MS Group Asks WHO to Add Three Disease-Modifying Treatments to List of Essential Medicines

Multiple sclerosis (MS) affects about 2.5 million people worldwide. Although over a dozen disease-modifying treatments (DMTs) are approved to treat MS, access to these therapies in low-and middle-income countries is often limited.

In an effort to expand access to MS treatments worldwide, the Multiple Sclerosis International Federation (MSIF) applied to have three DMTs for MS included in the World Health Organization (WHO) essential medicines list. Inclusion in the WHO list of essential medicines is seen as a first step in assuring equitable access to effective therapies in low- and middle-income countries. The WHO’s list can act as a model for health officials as they draw up lists of medications they will supply.

After an 18-month decision-making process, MSIF sought to have Rituxan (rituximab), Mavenclad (cladribine), and Copaxone (glatiramer acetate) added to the WHO list of essential medicines.

This isn’t the first time the federation has sought to have MS medications added to WHO’s essential medicines list. In 2018, the group applied to have Copaxone (glatiramer acetate), Gilenya (fingolimod), and Ocrevus (ocrelizumab) on the WHO essential medicines list. However, the WHO Expert Committee on Selection and Use of Essential Medicines did not recommend including them on the 2019 list. The committee said was no clear evidence that the treatments were superior to existing MS therapies in terms of efficacy, safety, and affordability and that the application left out off-label and commonly used medications.

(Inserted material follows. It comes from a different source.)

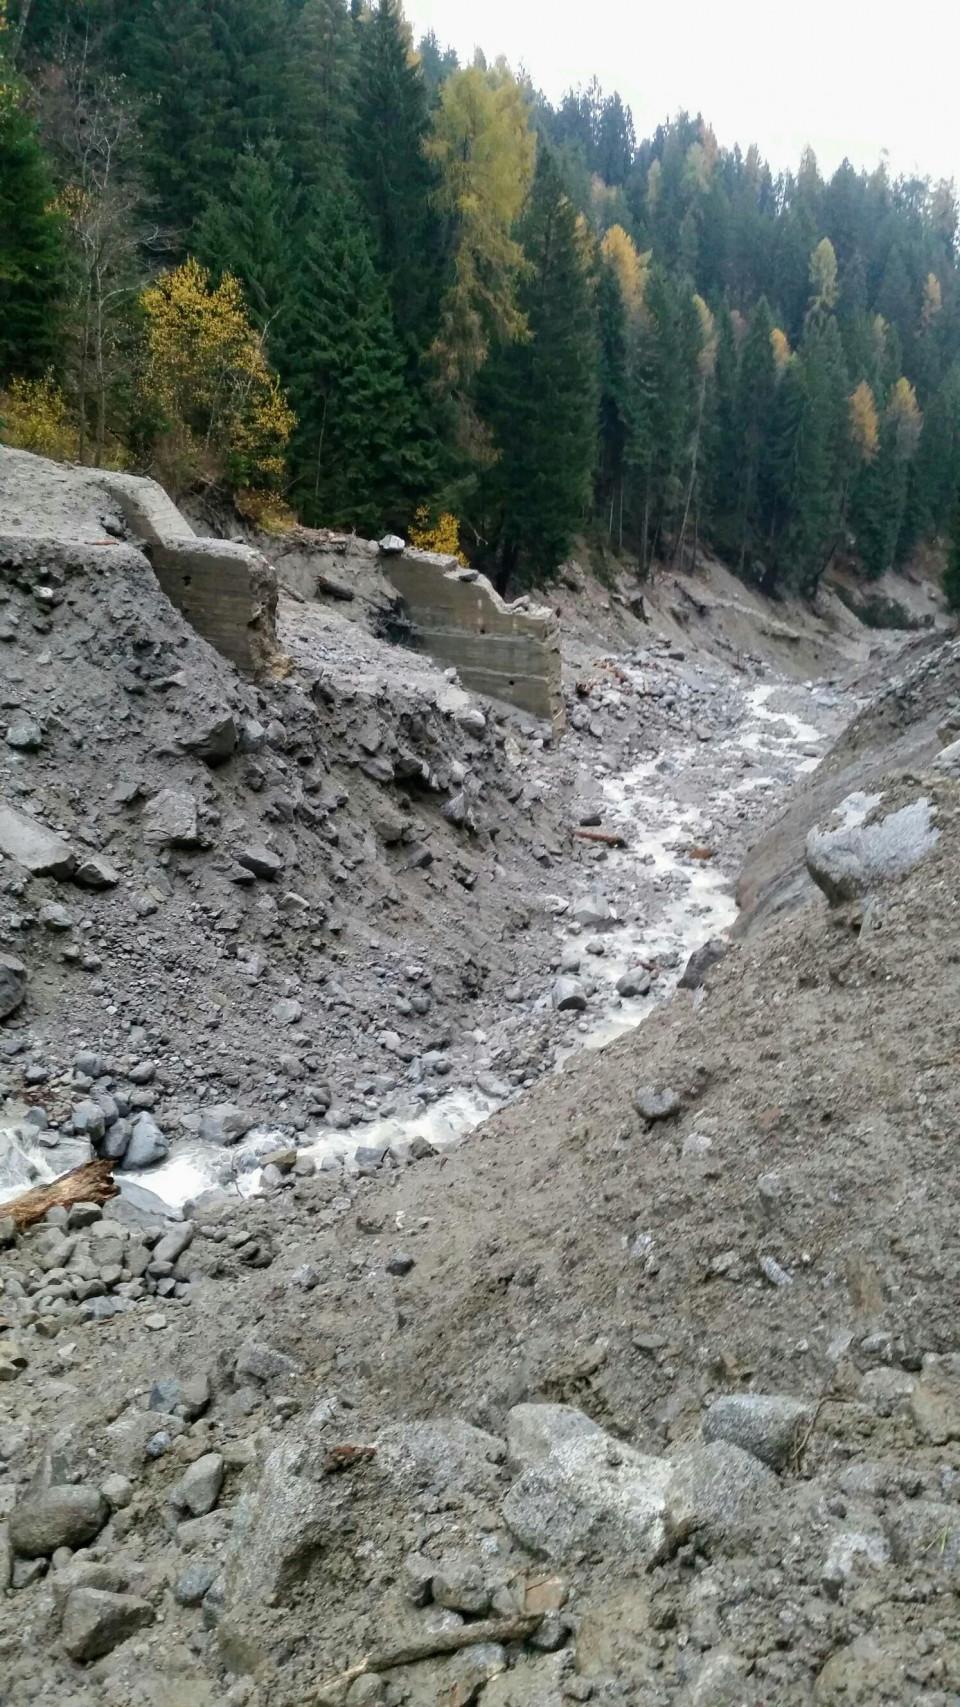 sedimenti fluviali e prevenzione del rischio

Using this feedback, MSIF collaborated with the Cochrane MS group to assess a total of 30 MS therapies (including off-label treatments) for submission of a revised application. An MSIF international panel, consisting of patient representatives and several stakeholders, utilized recommendations from two guidelines to select treatments based on several criteria, such as the trade-off between a treatment’s benefits and harms, cost and cost-effectiveness in low-income and middle-income countries, potential to reduce health inequities, availability of generics or biosimilars, among other factors. The panel also evaluated whether the treatments addressed the needs of children and adolescents, pregnant wome, and lactating women.

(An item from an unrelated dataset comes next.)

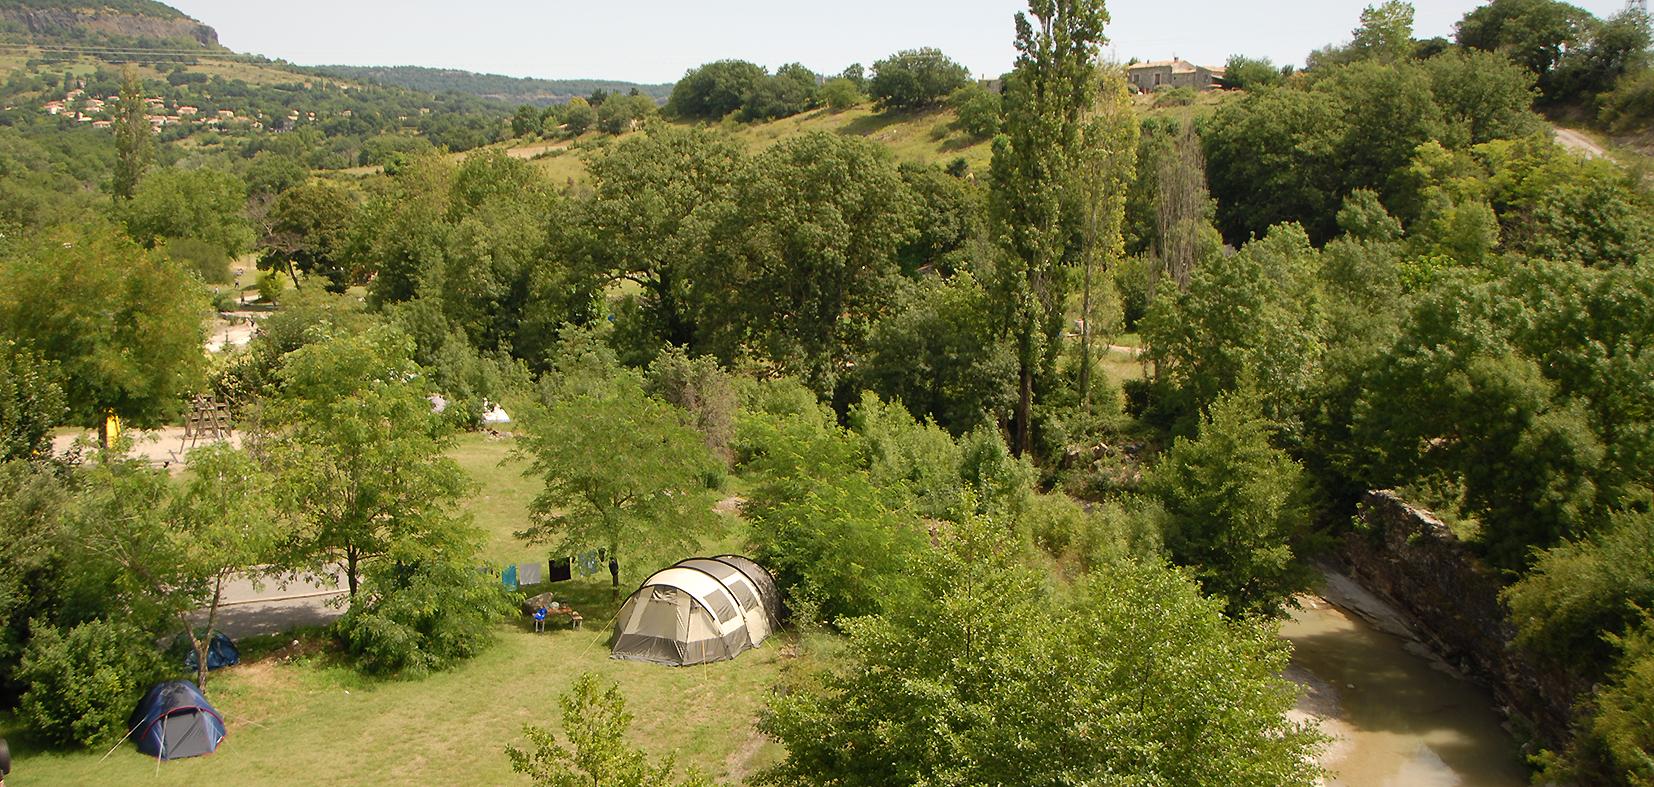 Goedkoop-vakantie-Ardeche-Frankrijk

The revised application, which included Copaxone, Rituxan, and Mavenclad, was submitted on December 11, 2022. For Copaxone and Rituxan, there are generics and biosimilars available, respectively. Rituxan is used off-label to treat MS. Because some countries may not allow off-label prescribing, MSIF submitted Ocrevus as an alternative.

The WHO Expert Committee is scheduled to meet on April 24-28 to review all essential medicines list applications. A decision is expected within the following weeks.